• What is required: Output each line of the data below exactly, omitting any image.
Top of Dataset content
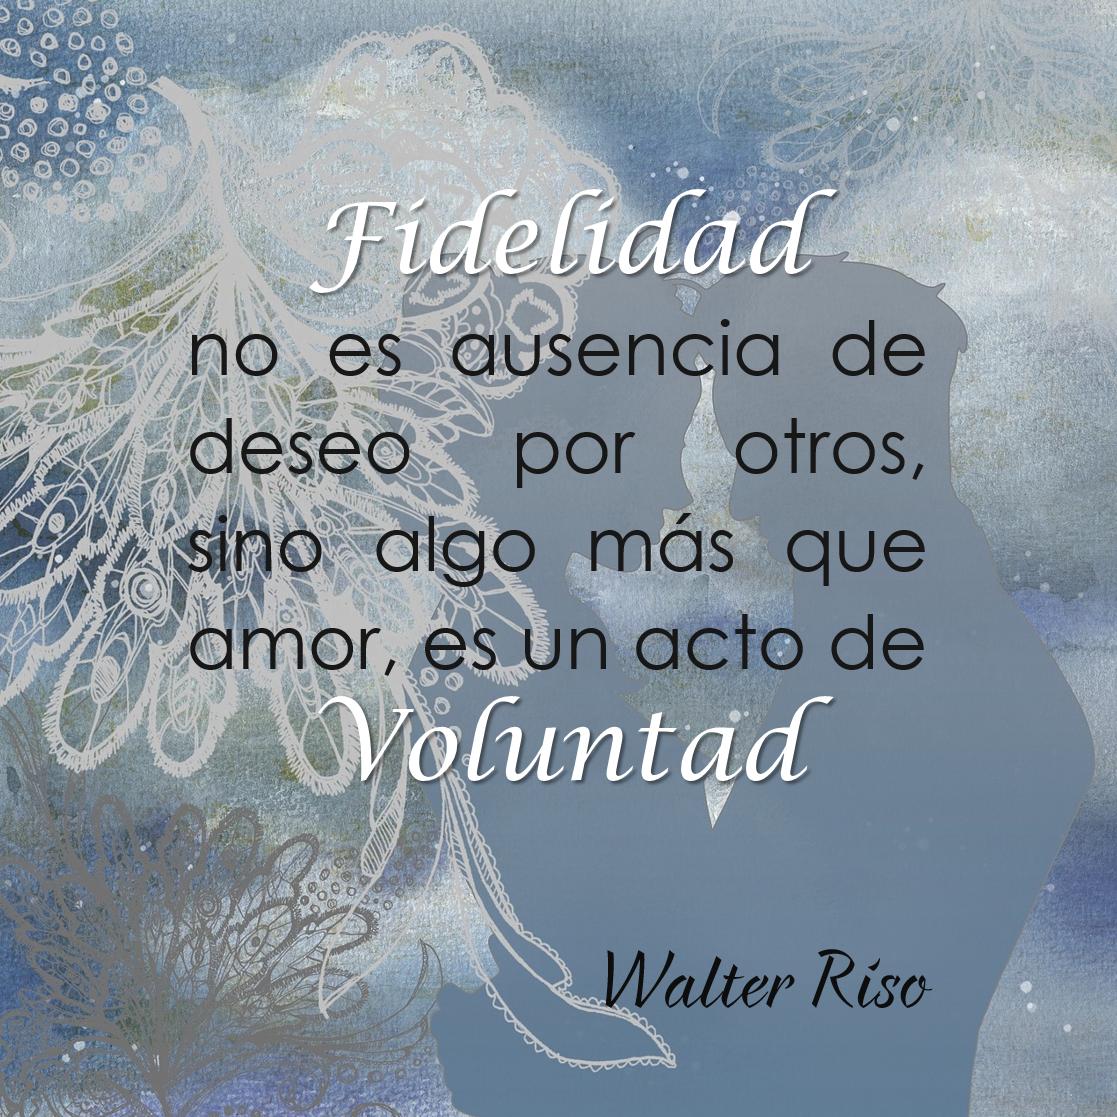 Lecciones para amar: Frase de Walter Riso sobre la fidelidad
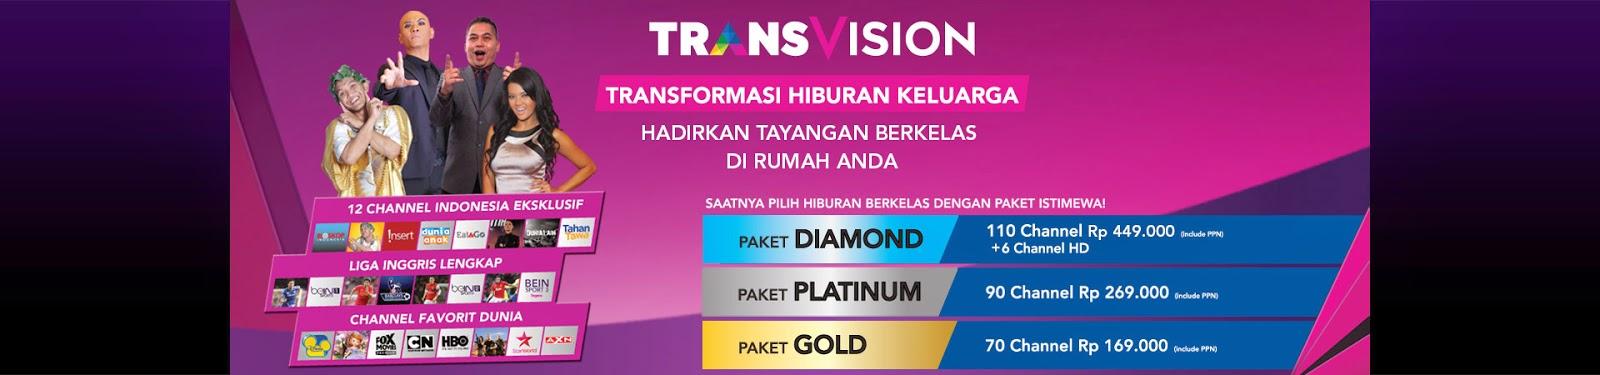 Cara Berlangganan TransVision
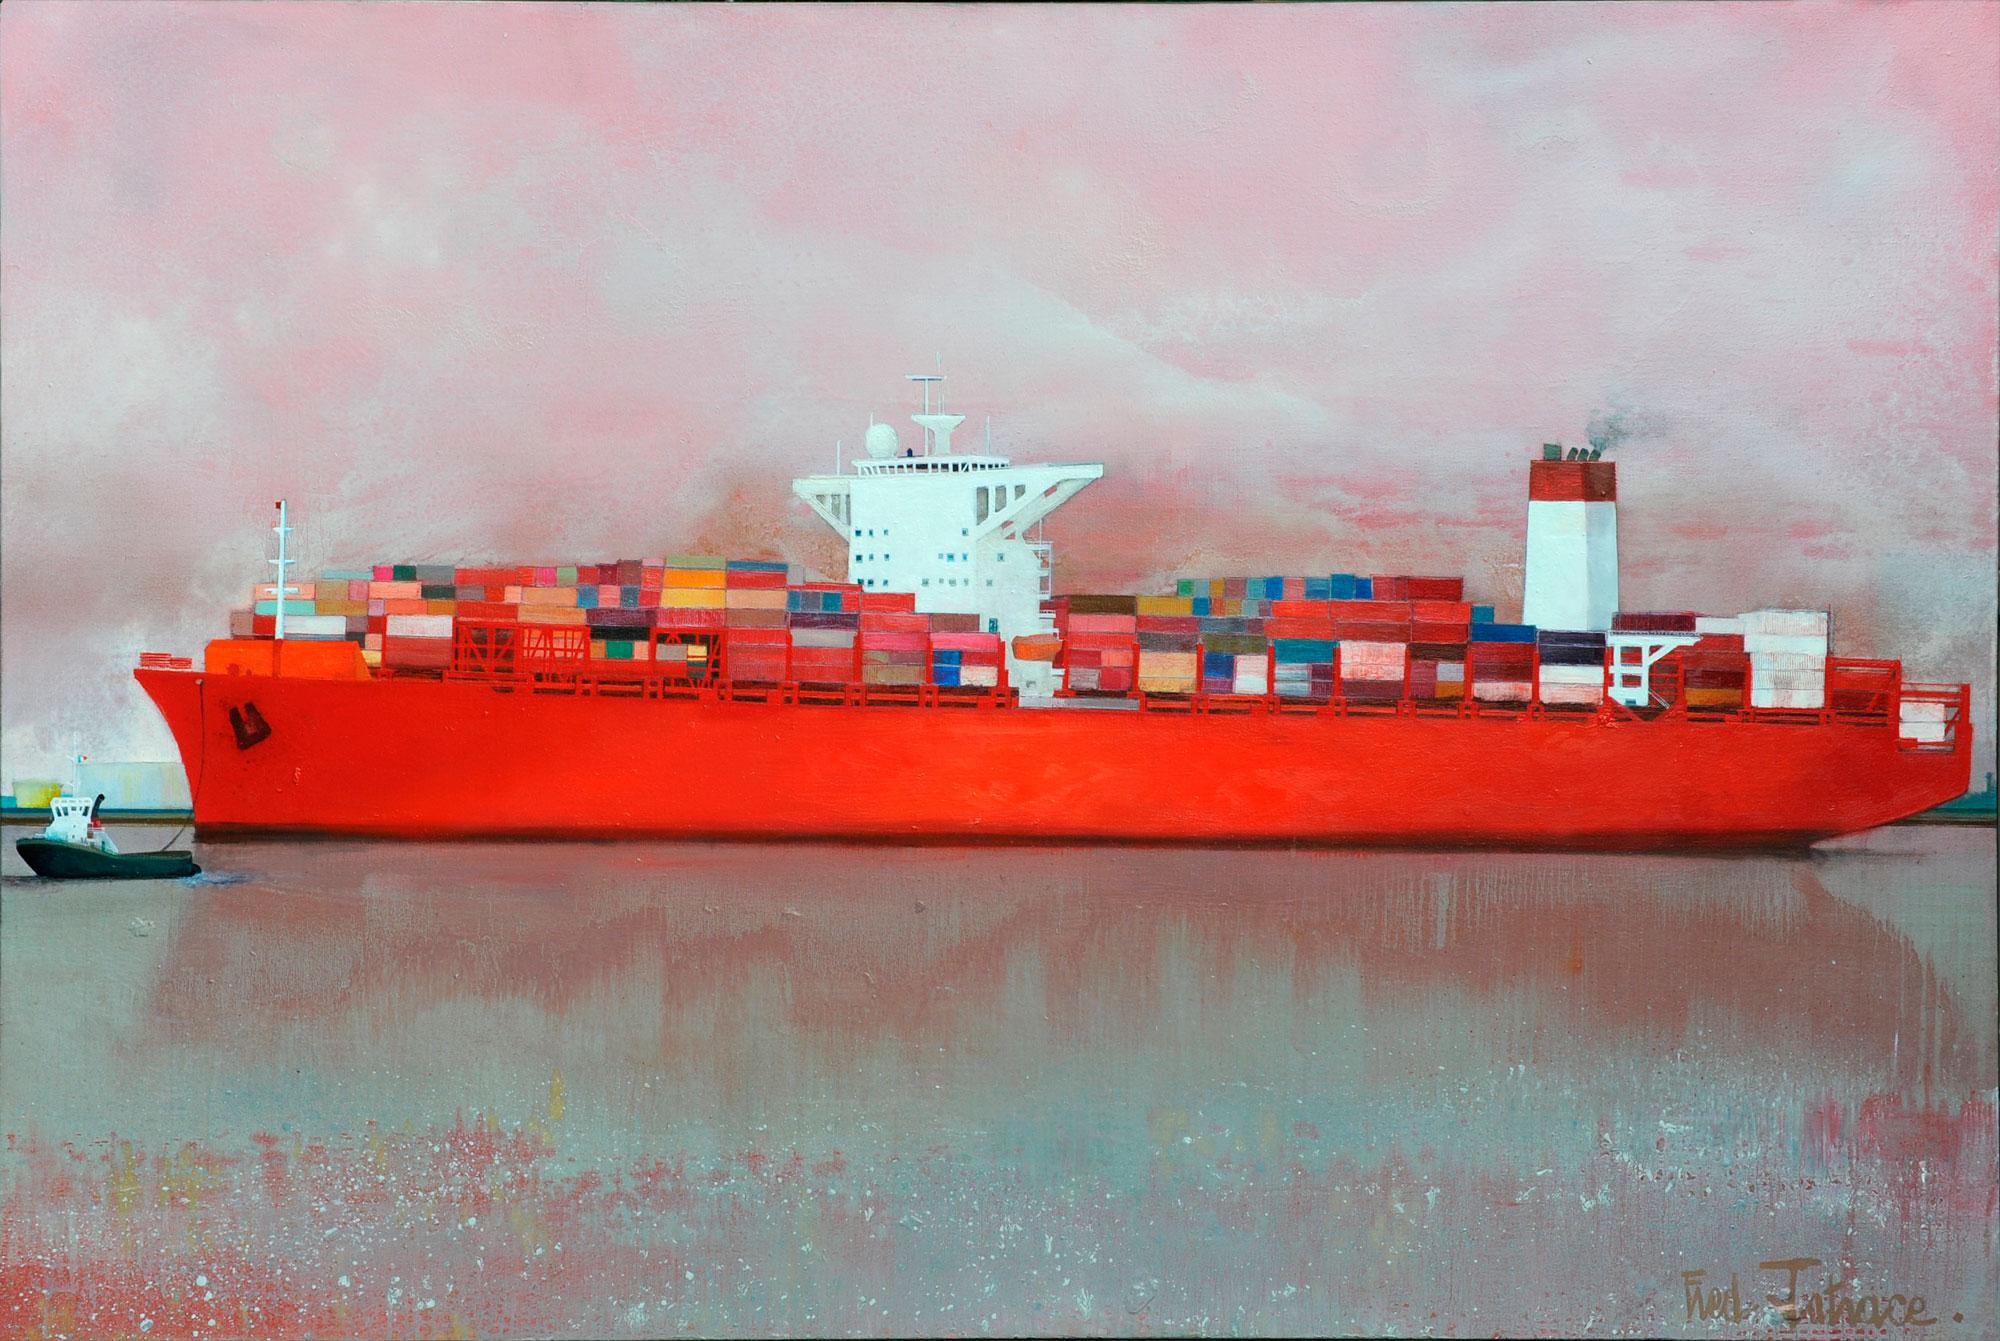 « Porte containers » de Frédéric Latrace - Huile sur toile de 210x140cm
Bottom of Dataset content
• Output of the task:
 Lecciones para amar: Frase de Walter Riso sobre la fidelidad
 Cara Berlangganan TransVision
 « Porte containers » de Frédéric Latrace - Huile sur toile de 210x140cm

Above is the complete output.